PCA performed on all sample ATAC-seq data identified that sex followed by SSc autoantibody status (specifically ACA positivity) and, to a lesser extent, age and treatment was associated with the most data variance (Figure 1B, Supplemental Figure 1E). There was very little ATAC-seq peak overlap between the individual variables (Figure 1C), indicating that these differences are attributable to each variable. GWAS-enrichment analysis of ATAC-seq data demonstrated significant alignment to multiple autoimmune diseases including, as expected, SSc as well as other rheumatic diseases (i.e., rheumatoid arthritis) (Figure 1D). Furthermore, associated ontology from the GWAS SNPs enriched in our dataset highlighted autoimmune-related pathways and categories as well as SSc-specific disease-drivers, such as Th1/Th2 differentiation, IL-35 and IL-21 signaling, NFKB signaling, and IFN-alpha production (Figure 1E) (Dantas et al., 2015).
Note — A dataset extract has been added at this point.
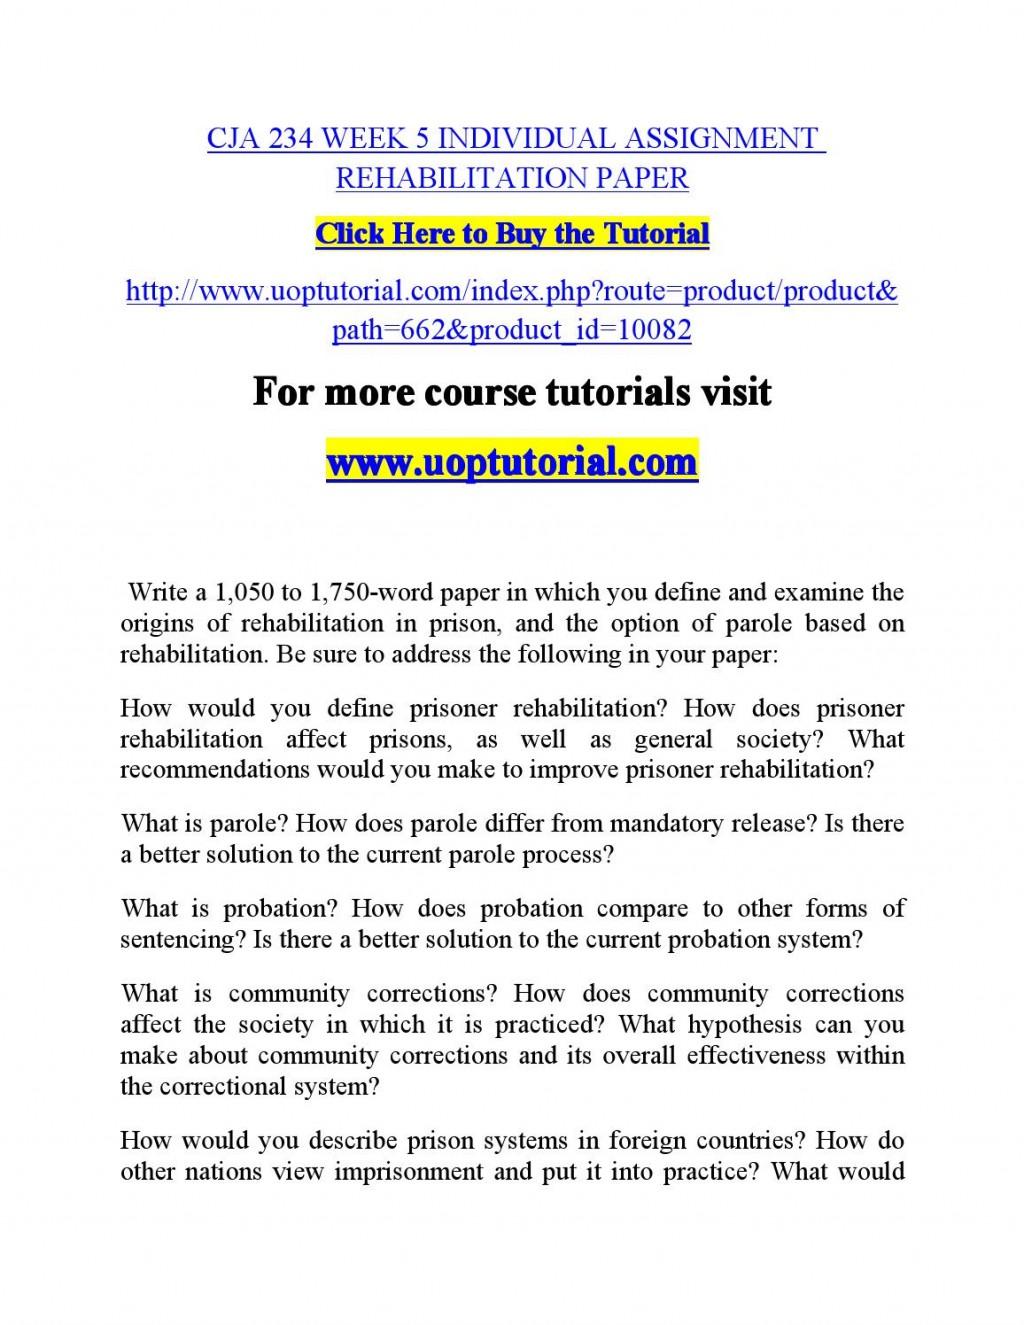 001 Essay Example Punishment Or Rehabilitation Page 1 Awesome Large

MMF treatment does not significantly alter CD4+ T-cells in SSc peripheral blood
Mycophenolate mofetil (MMF), also known as Cellcept, is a commonly used treatment for various autoimmune diseases that works through inhibiting lymphocyte proliferation to decrease elevated immune activity and fibrosis (Allison and Eugui, 2000; Hinchcliff et al., 2013; Taroni et al., 2017). In this study, patients with active skin disease in the opinion of one treating physician based upon physical exam findings (described in Materials and Methods) were prescribed MMF treatment and a control group of patients with stable, non-active disease remained untreated. In order to determine the potential impact of MMF treatment on T helper cells in SSc, we identified patients who donated a blood sample within two months of treatment initiation (baseline) as well as at two subsequent treatment timepoints. Using these criteria, we compared the CD4+ T-cell ATAC-seq profile of eight MMF-treated, and four untreated, patients (Supplemental Table 1).
Comparison of all peaks over the three timepoints showed a stable, unchanging pattern in MMF-treated patients and very few changes in untreated patients (Figure 2A, 2C). Similarly, CIBERSORT analysis using ATAC-seq data showed that the relative proportions of T-cell subsets within the CD4+ population are also not significantly impacted by MMF treatment or lack of treatment (Figure 2D, Supplemental Figure 2). The differential peaks identified between the MMF-treated and untreated groups at baseline (Figure 1C) remain consistent at subsequent timepoints and thus may be explained by differences in SSc disease severity and activity at study onset (Figure 2B). Based on these results, MMF treatment in SSc patients does not change the circulating CD4+ T-cell epigenome.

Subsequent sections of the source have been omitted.